**DATA BELOW:**
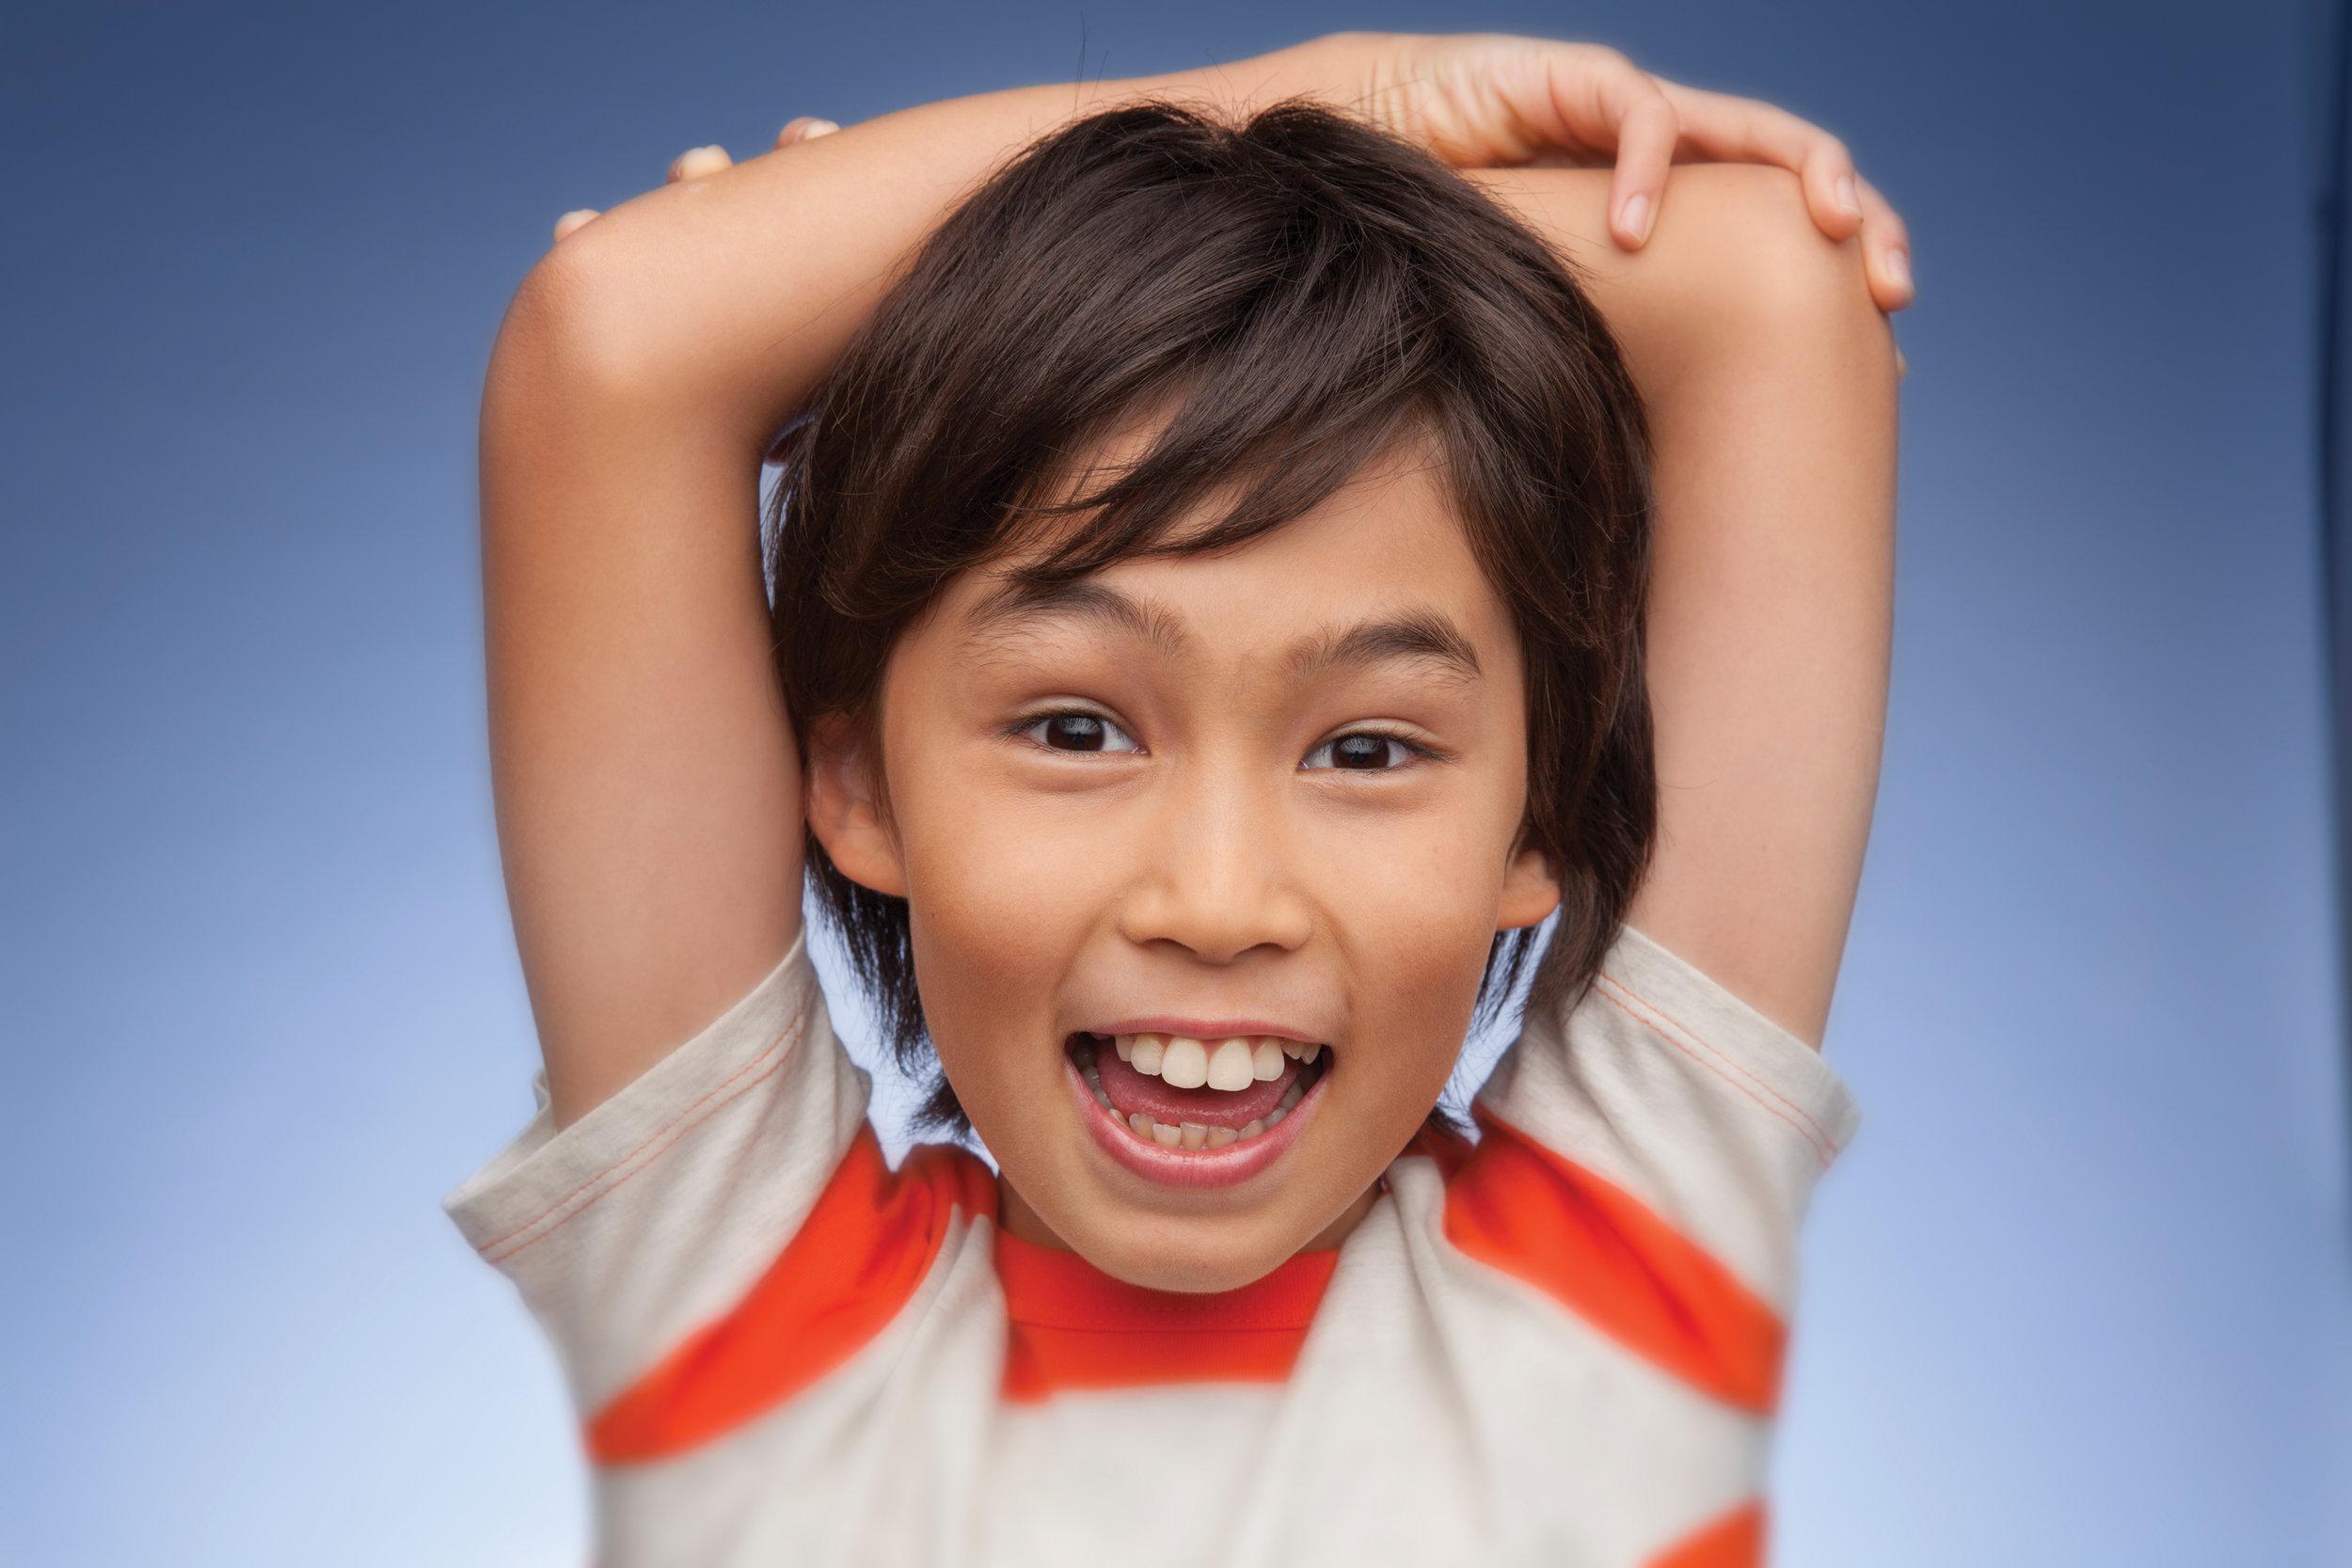 Pediatric orthodontic patient
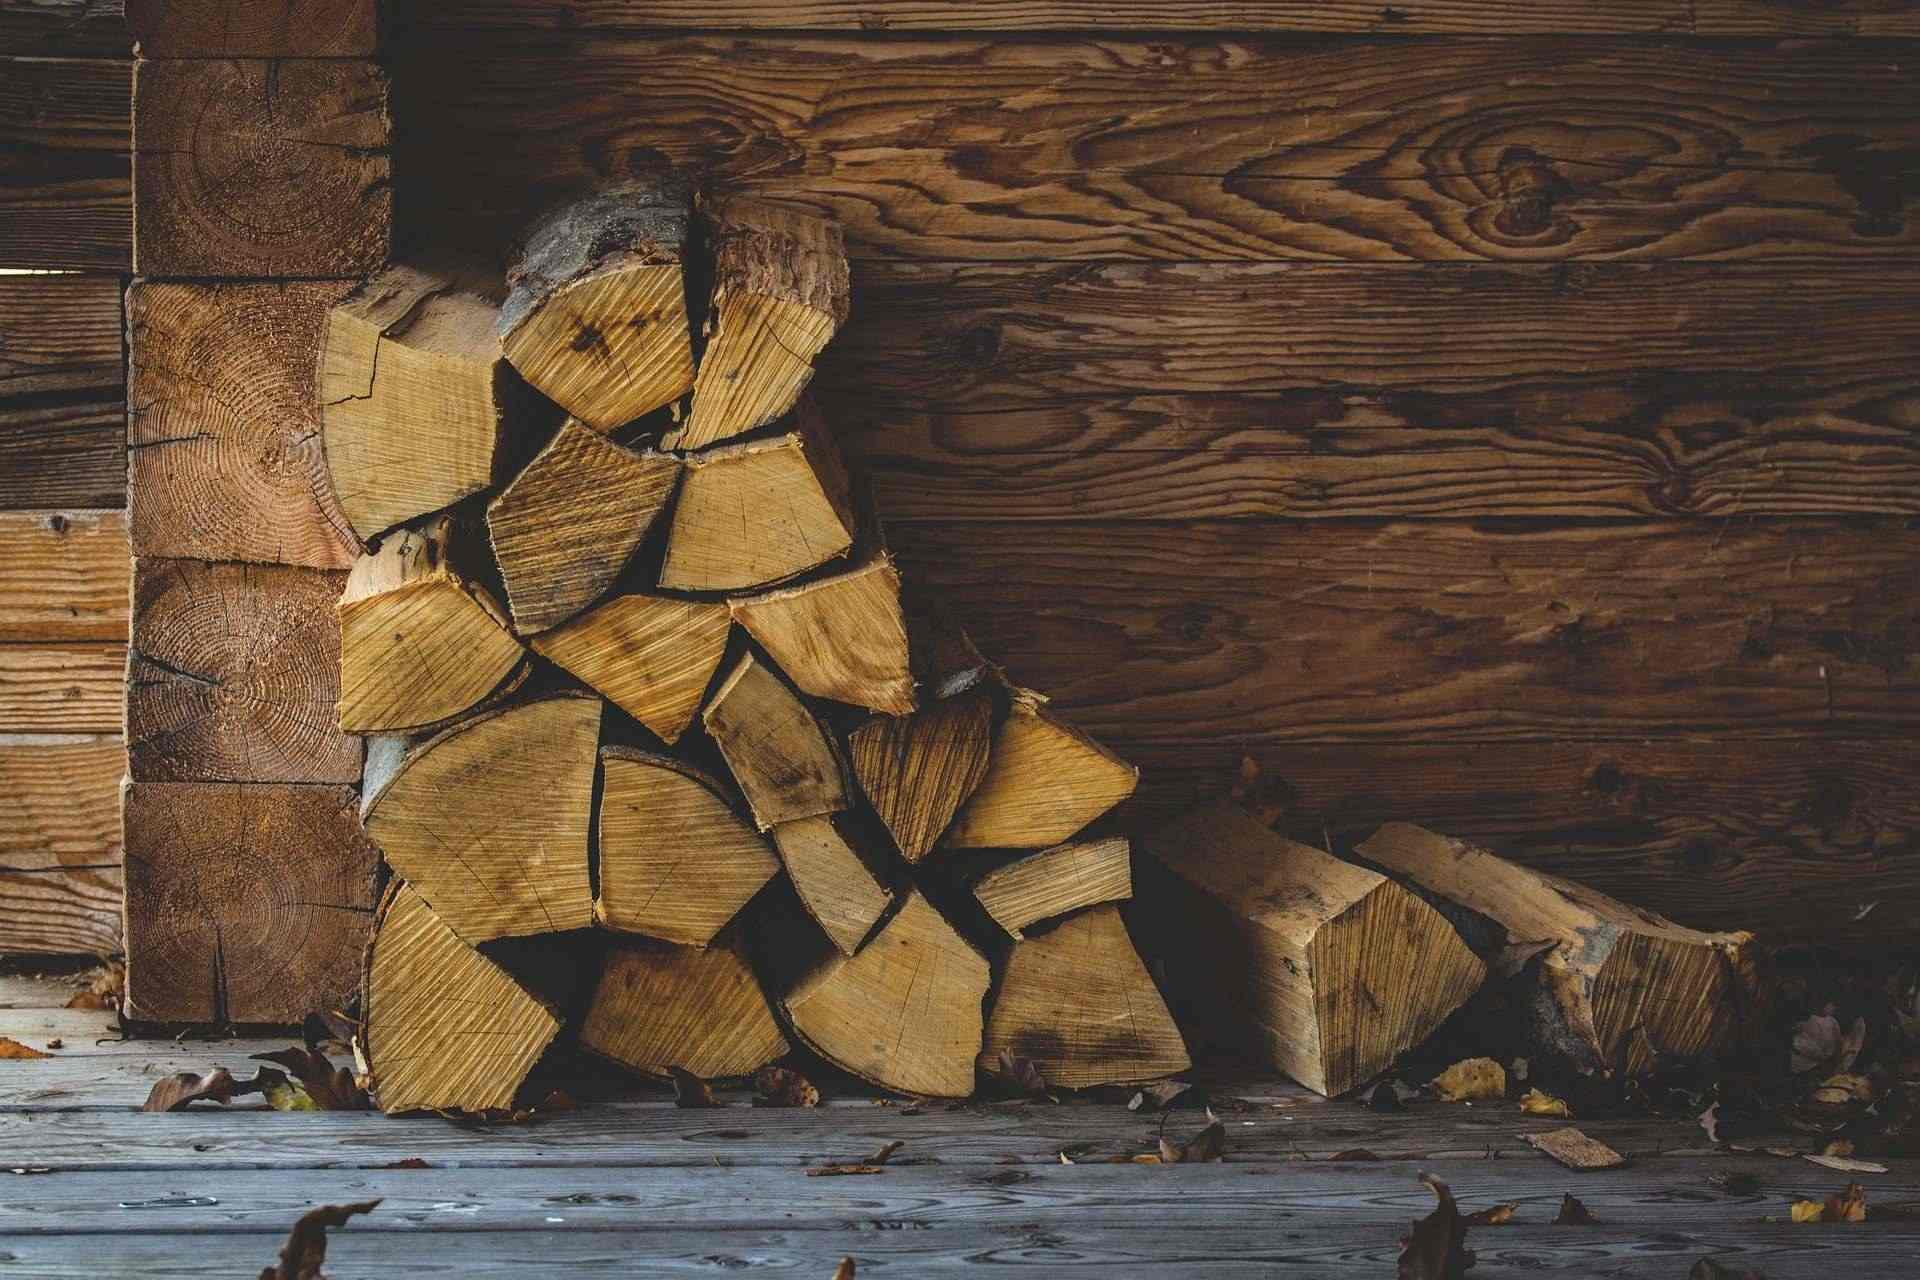 Купить машину дров в Новороссийске и не прогореть
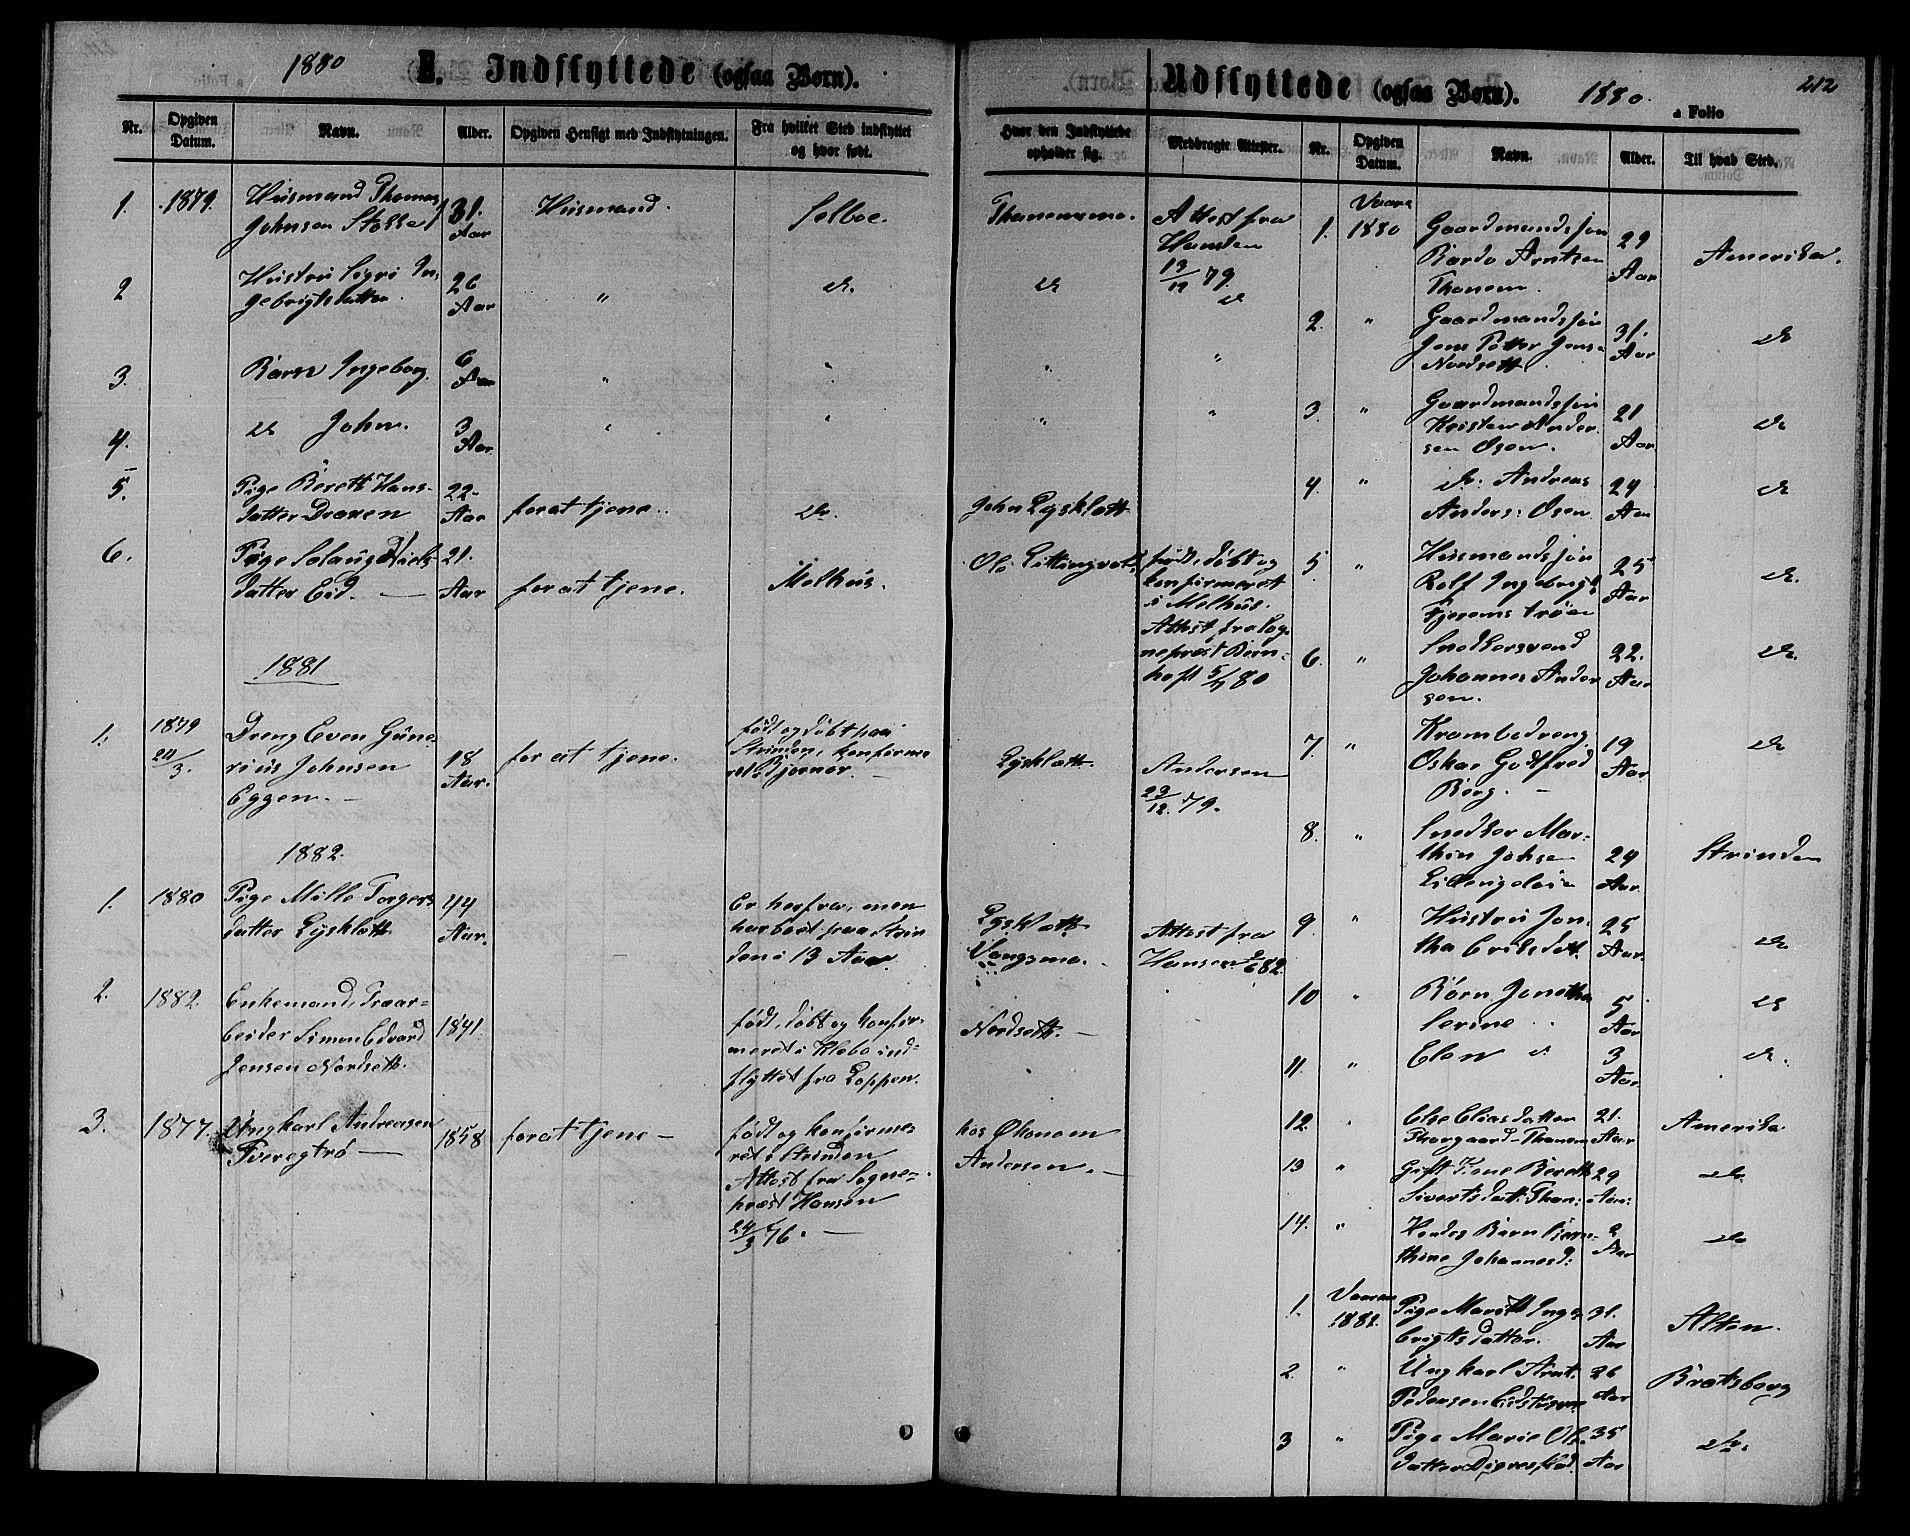 SAT, Ministerialprotokoller, klokkerbøker og fødselsregistre - Sør-Trøndelag, 618/L0451: Klokkerbok nr. 618C02, 1865-1883, s. 212

**ACTIVITY:**
For this task, give the full listing again verbatim and keep out every picture.

**WRITTEN SOLUTION:**
 Pediatric orthodontic patient
 Купить машину дров в Новороссийске и не прогореть
 SAT, Ministerialprotokoller, klokkerbøker og fødselsregistre - Sør-Trøndelag, 618/L0451: Klokkerbok nr. 618C02, 1865-1883, s. 212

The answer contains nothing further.